Os dias têm sido assim, um por vez, um bom, vários nem tanto. A médica nos disse que você chorou muito, hoje pela manhã. Te faz mal estar ali, só, naquele lugar cercado de bipes e cortinas azuis e aparelhos e fios e cateteres que te levam as drogas necessárias. Ontem, apesar de tudo isso, você estava contente, achou que o cabelo da mãe estava bonito e disse, a mim e à mãe, depois de uma daquelas tuas pausas longas, de olhar profundo, que nossa vida está indo muito bem. Como te admirei, meu pai! Pedi à vida, naquele instante: de tudo o que há, que eu tenha em mim uma parte da resiliência de meu velho pai. Quando cheguei, ontem, você me olhou e me saudou, com aquele teu sorriso que agora me traz lágrimas de saudade antecipada: “Ah, minha querida!”, me chamou por meu nome. Pensei nos amigos que já perderam seus pais, tão mais novos, pensei naqueles que convivem com a demência, com a dureza de não mais serem reconhecidos pelos que lhes deram a vida, pensei em meu amigo que vê a filha jovem tendo o cérebro escrutinado por cirurgias experimentais. Concordei com você: nossa vida está indo muito bem.

Ando assim, com essa tristeza branda de quem compreende o tempo e a finitude daquilo que, perecível, precisa findar, mas também certa da perenidade daquilo que, em casa, com você, com a mãe, aprendemos a acreditar imortal. Ando me surpreendendo com a serenidade com que atravesso estes dias. Não tenho mais o desespero de outros tempos, diante da possibilidade de te ver partir. Não te amo menos, ao contrário! O amor mais uma vez me ensina. É o amor, grande como eu não sabia existir, que me dá a força para soltar as amarras que te prendem a mim, a nós, e te libertar, se for isso o necessário para que você fique bem. Tenho andado muito certa da existência real dessa antimatéria etérea que guarda nossa individualidade e nos transporta entre mundos, entre vidas, essa matéria invisível a tantos, a mesma de que nós, em casa, não temos o direito de duvidar, tantas são as páginas que você nos deixa, manuscritas, datilografadas, teus registros matutinos de servidão à vida que vai além do material e visível. Ah, meu pai, teu coração grande e bom anda engasgando, ele te trai. Todos falam de tua pele, com tão poucas rugas, de tua constituição ainda hoje musculosa, mas teu coração sabe quantas estradas já percorreu. Ele mostra os sinais do cansaço dos teus mais de noventa anos de estrada.

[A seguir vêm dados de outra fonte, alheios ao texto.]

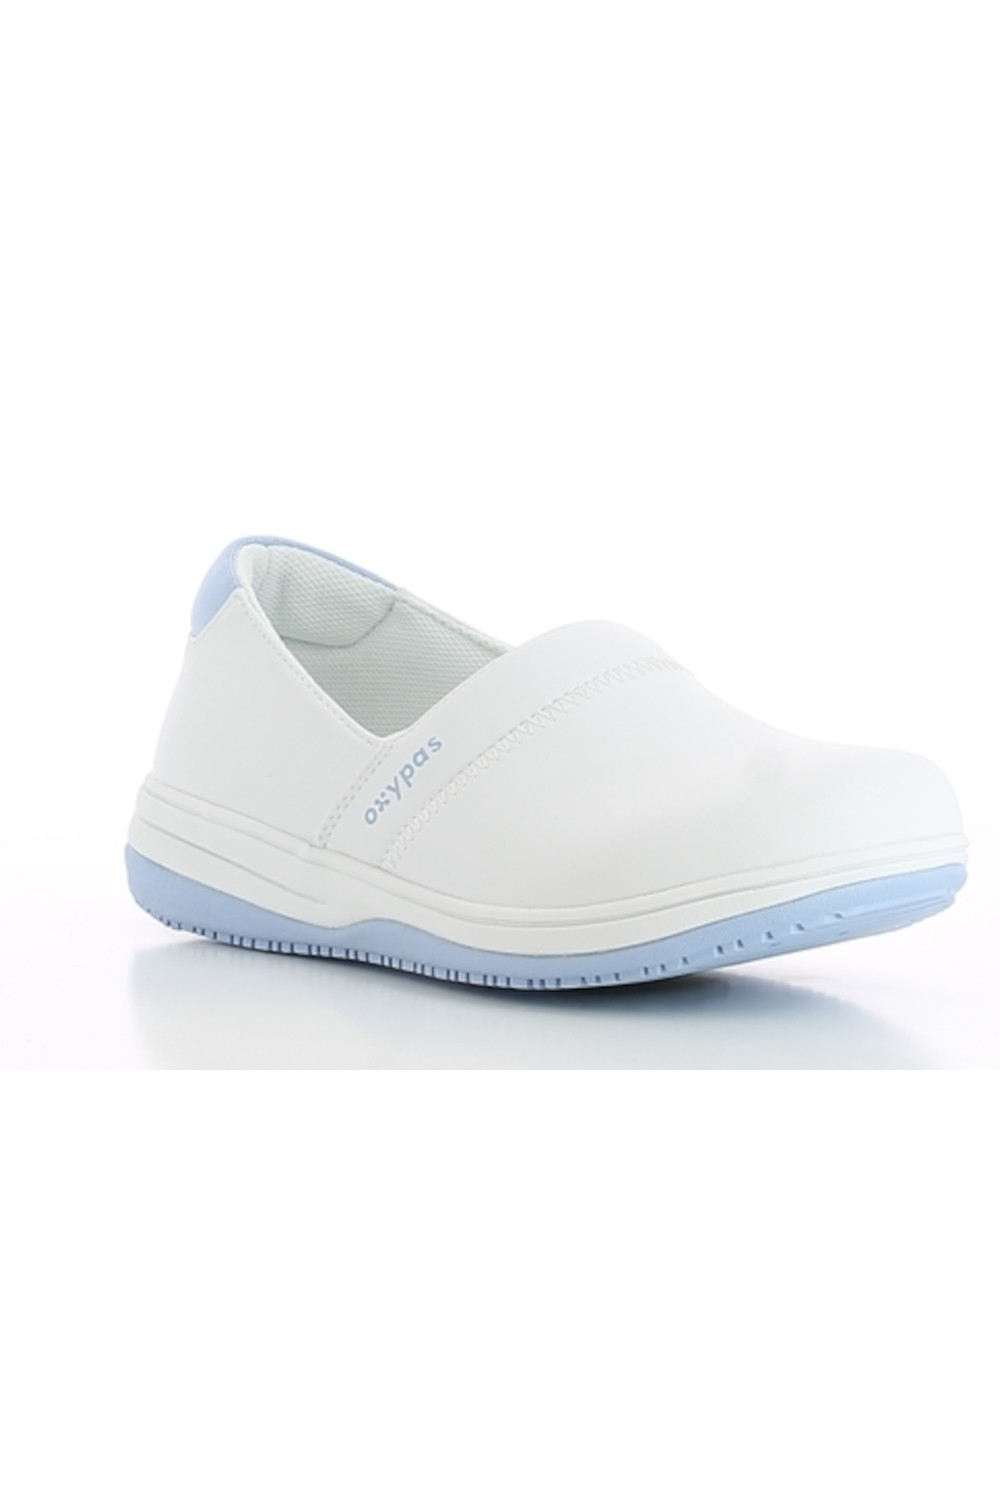 Buty damskie SUZY obuwie medyczne kolor biały z błękitem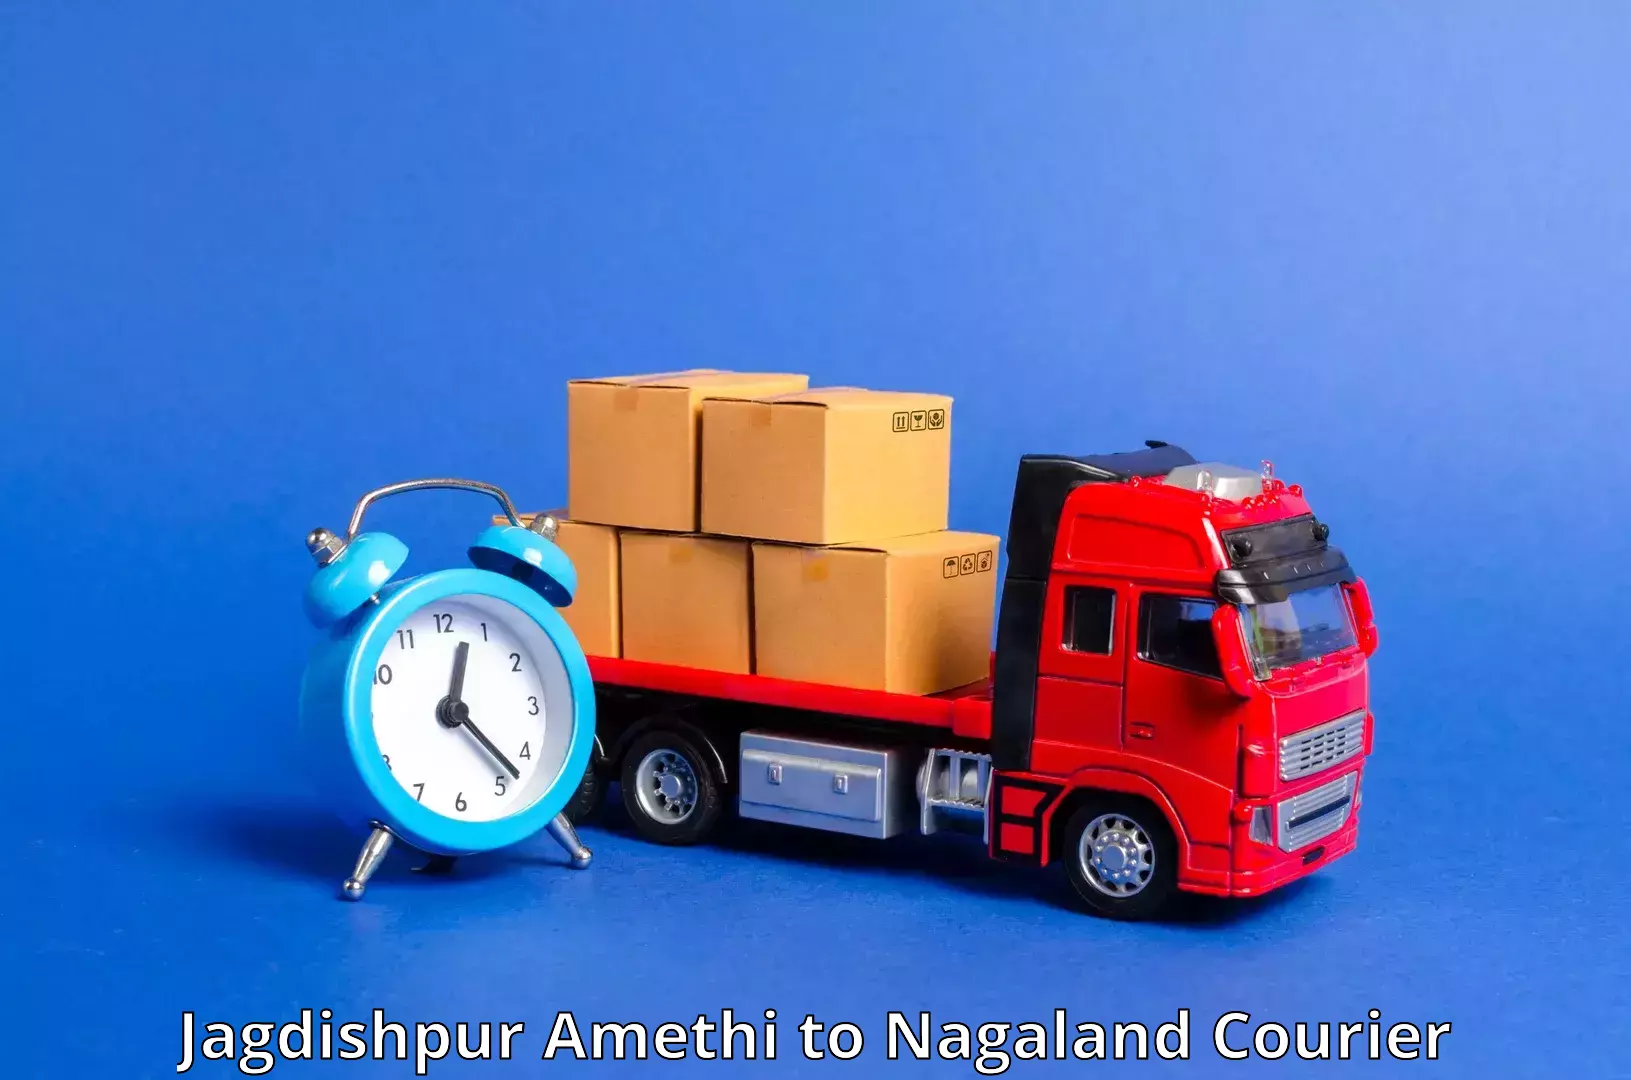 Pharmaceutical courier Jagdishpur Amethi to Longleng

Hoje, finalmente, me chegam abundantes as lágrimas que não me têm vindo e reconheço que eu precisava delas. São abundantes, mas não há desespero nelas. São serenas, como serenos têm sido os dias de nós todos que te amamos. Cheguei a me perguntar se ando árida, porque as palavras também não me vinham, então me sentei aqui e me obriguei a buscá-las. São as palavras, sempre, que guardam a chave do que me tranca. As palavras, neste momento, vão à frente de mim, como que fazendo ciranda ao redor das comportas que, abertas, me deixam desaguar e fluir. A mãe vem, me faz cafuné e pede que eu ponha gratidão em minhas lágrimas. Nem todos podem chorar, com amor, a despedida de um pai, ela me diz, ela sabe. Fomos – somos, ela corrige – uma família feliz e isso é tão mais do que tantos têm! Concordo com a mãe, agradeço.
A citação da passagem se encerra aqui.